Simone et Raoul

Simone et Raoul
Avant eux, le couple n'existait pas. (photo Marc Montezin)

samedi 15 janvier 2011

Nous ne vieillirons pas ensemble


Steve :

- Qu'est-ce que tu prends Simone ?

- Un Martini

Le patron du bar, à sa femme :

- Tiens, comme le français tout à l'heure ! C'est marrant ça, pas un Martini vendu depuis trois semaines, et là, deux coup sur coup, et à deux français ! J'ai toujours été fasciné par la loi des séries...

- Oh oui, il était drôle ce Raoul avec son histoire de chevalier moderne...

Simone :

- Pardon ??? Il était comment ce Raoul ?

- Un très bel homme, il nous a raconté qu'il était venu chercher sa femme, qu'il avait voyagé autour de la lune pour la séduire et qu'il voyageait autour de la terre pour la reconquérir. Je ne sais pas qui est cette femme, mais elle doit avoir quelque chose pour avoir un homme pareil à ses trousses...

A ces mots, Simone tomba de son tabouret. Steve se précipita à son secours et l'invita à se relever. Pendant leur lente remontée, dans leurs yeux, ils se disaient tout, ils savaient. Chacun savait où était la vie de l'autre, le coeur de l'autre, le choix de l'autre. Chacun savait aussi que la flamme qui palpitait en eux était née de plusieurs braises.

Steve :

- Vas-y... Cours le rejoindre.

- Merci

- Si j'écris mes mémoires un jour, il y aura un long paragraphe intitulé "La fille sur le pont"...

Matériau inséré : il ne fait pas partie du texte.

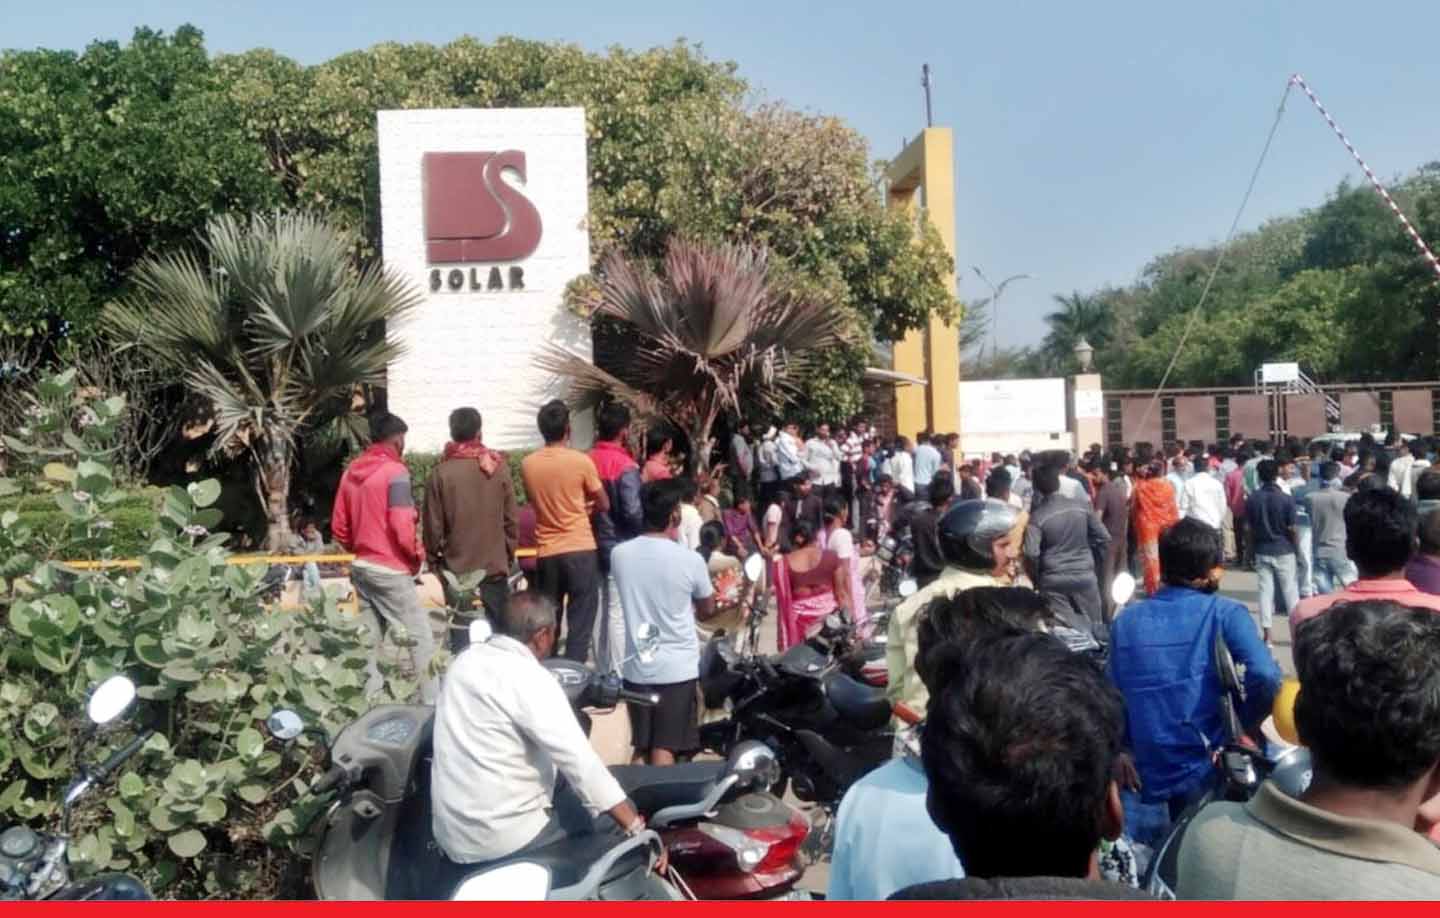 नागपुर में सोलर एक्सप्लोसिव कंपनी में बड़ा धमाका, कम से कम 9 लोगों की मौत
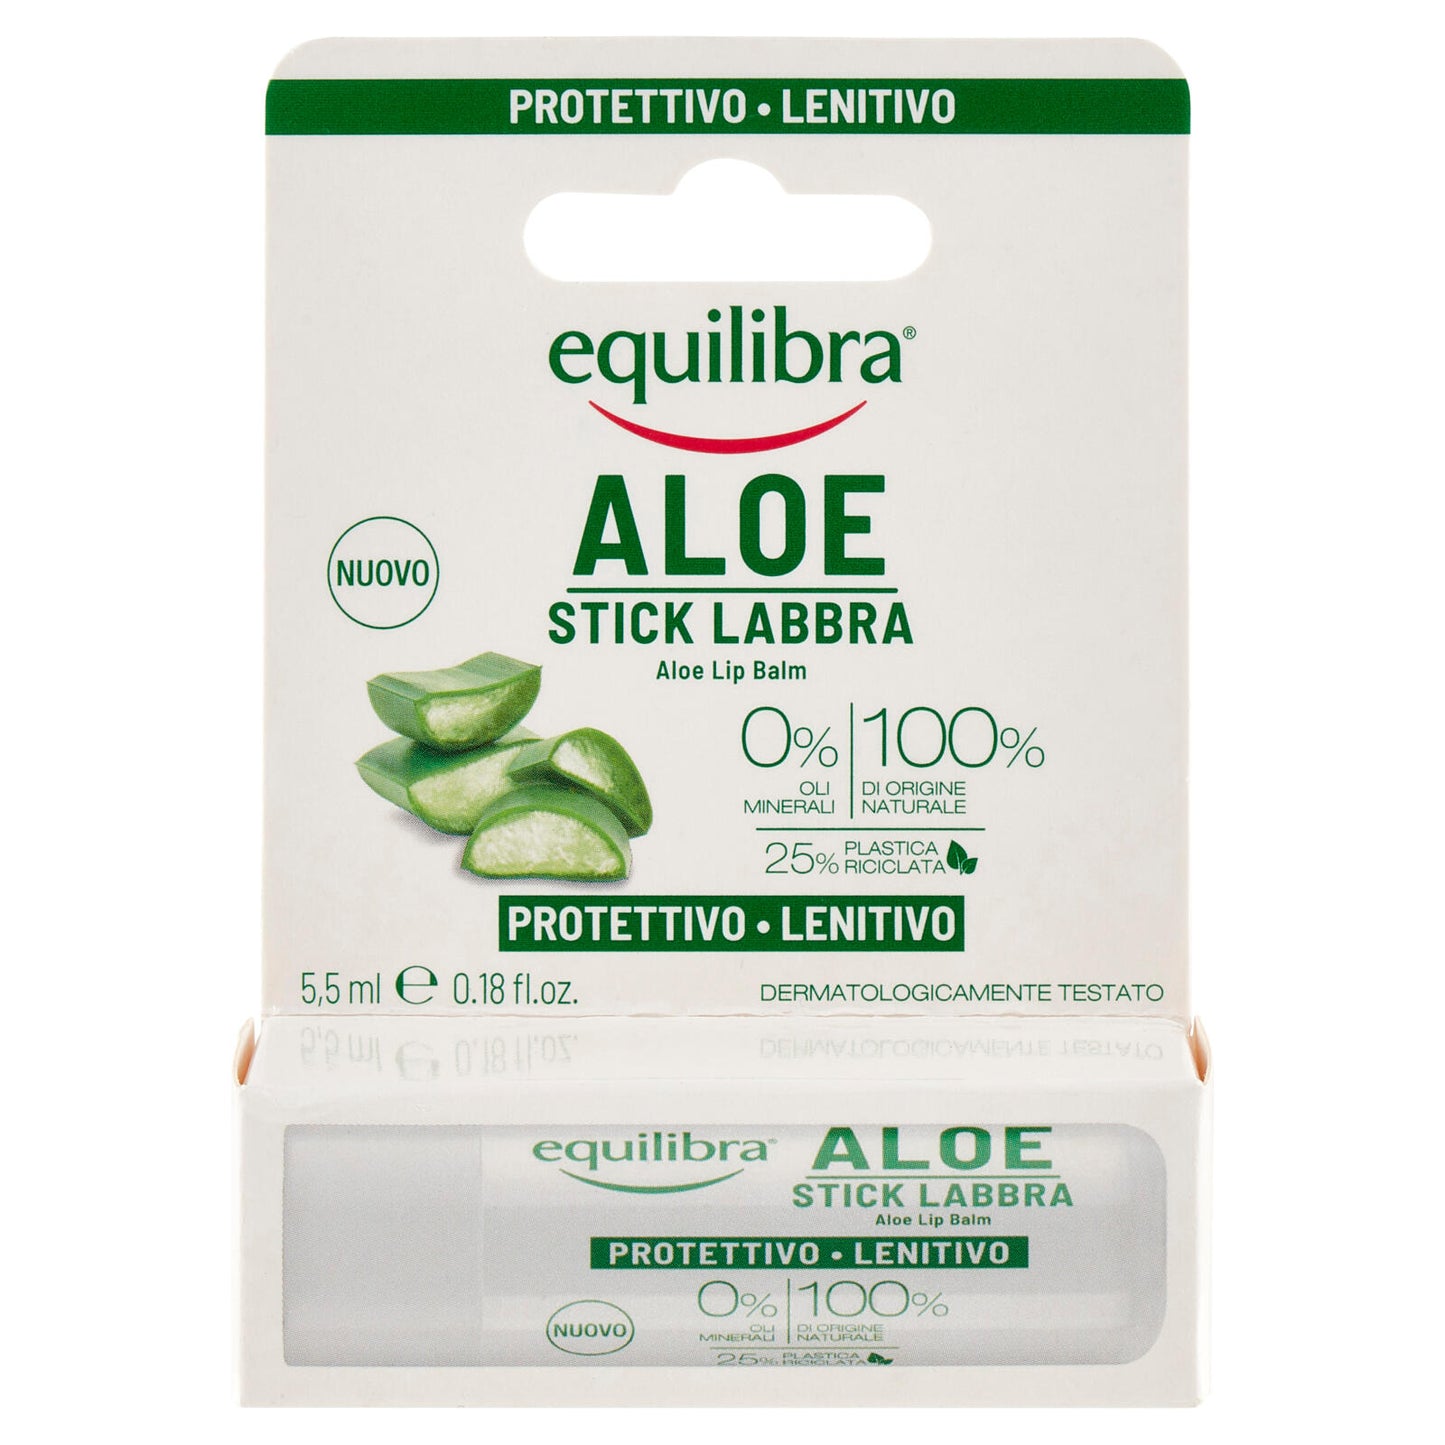 equilibra Aloe Stick Labbra Protettivo - Lenitivo 5,5 ml

- Nous ne vieillirons pas ensemble Steve, mais j'ai adoré ces quelques rides que tu as fait naître en si peu de temps, et qui me marqueront à jamais, du sceau de l'insouciance, aimante et légère, de la complicité, profonde et évidente. Je vais retrouver mon soleil, j'ai adoré notre éclipse...

- C'est drôle... Notre histoire a commencé en mousse, dans ce bain que tu as fait de jouvence, et elle se termine en mousse... enfin surtout pour moi...

- J'avoue que retrouver le célèbre "king of cool" en uniforme de marin après avoir plongé pour la première fois ensemble, dans une baignoire , c'était le pompon !

Ils souriaient comme des enfants de ces brèves de comptoir, pour ne pas penser comme des adultes, qui cicatrisent toujours moins vite. Cette histoire était comme suspendue dans le temps, personne ne pouvait dire si elle avait vraiment existé, si elle n'était que profondément cérébrale ou superficiellement charnelle, ou l'inverse.

Seules quelques rides heureuses avaient creusé l'empreinte d'une parenthèse absolument idéale. De celles qui sont indispensables pour donner tout son sens à un coeur qui ne saurait mentir.